Sunday, November 15, 2009

The Privilege Walk

This past week in school, another principal in my district came to my school to lead a diversity awareness activity I'd participated in before in grad school, but this one was a little different.

For those who may not know, the privilege walk involves a facilitator giving series of statements and individuals responding non-verbally by stepping forward or backward, or in the one I did in grad school, we crossed a room in response to the prompts.

The one we did at school this week was much more powerful for me. Though the statements were similar or often times the same, crossing a room did not have as much of an impact on me as having everyone begin at the same point and then need to step forward or backward based on the prompts.

I really had an "aha" moment with this one - how can we expect children to make it to the finish line if they're not even allowed to begin at the same starting line?

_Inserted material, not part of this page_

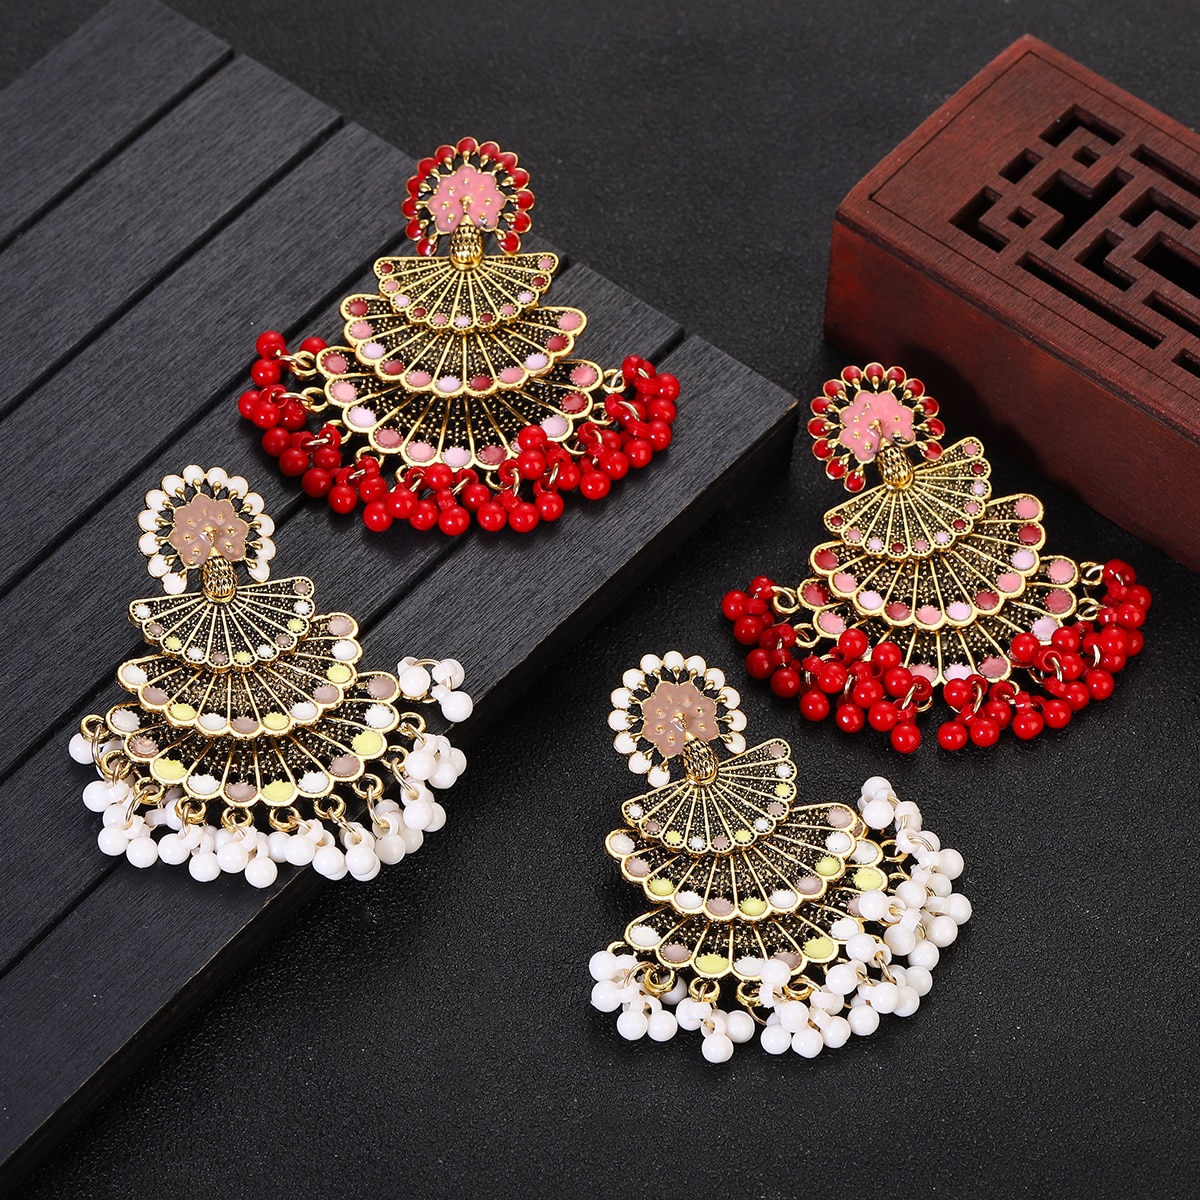 Indian-Jewellery-Red-White-Sector-Jhumka-Earrings-For-Women-Orecchini-Retro-Pearl-Beads-Tassel-Earri-1005004587102350-2
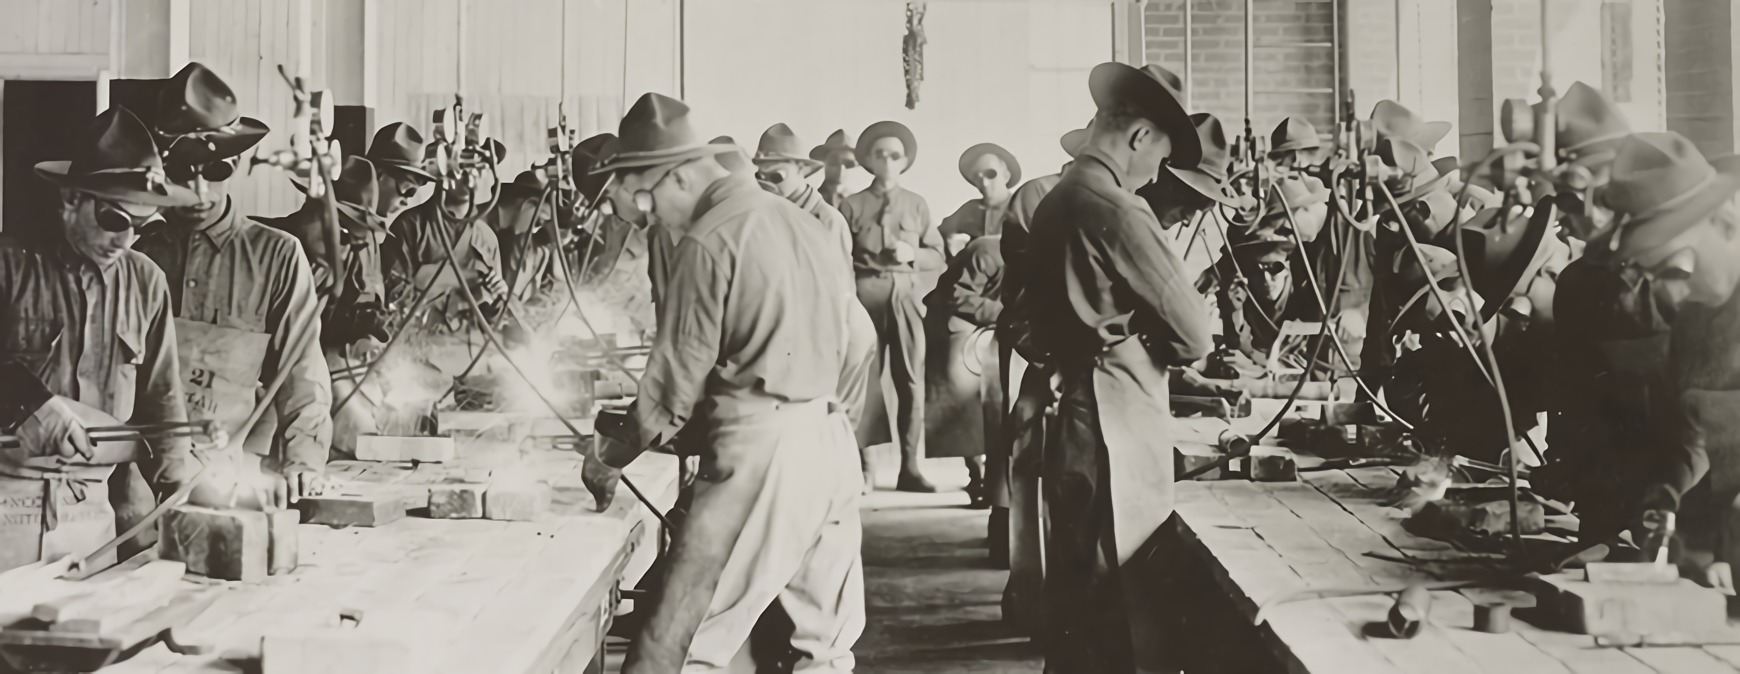 soldiers recieving welding training

I was, predictably, toward the front of the room having been given many privileges. My parents told me I could be anything I wanted. I had way more than 50 books in my home. I never had to go hungry, I studied the culture of my ancestors in elementary school, I went to summer camp and I never had to adjust my mannerisms because of my race, gender, religion or sexual orientation. I graduated from undergrad with zero college debt except for what I stupidly ran up myself on credit cards. I have been very privileged and perhaps a little spoiled.

I just keep having the visual in my head with success being the finish line and seeing kids being pushed back further and further away from the starting line but still being expected to make it without someone helping them get to at least the same spot other kids may be.

I'm still trying to process all of this and what I can do to help my students get to the starting line so they can really take off and get where they want to and need to be.

We're taking the kiddos to the Aronoff Center on Tuesday. Providing these experiences that I simply took for granted I think is a start.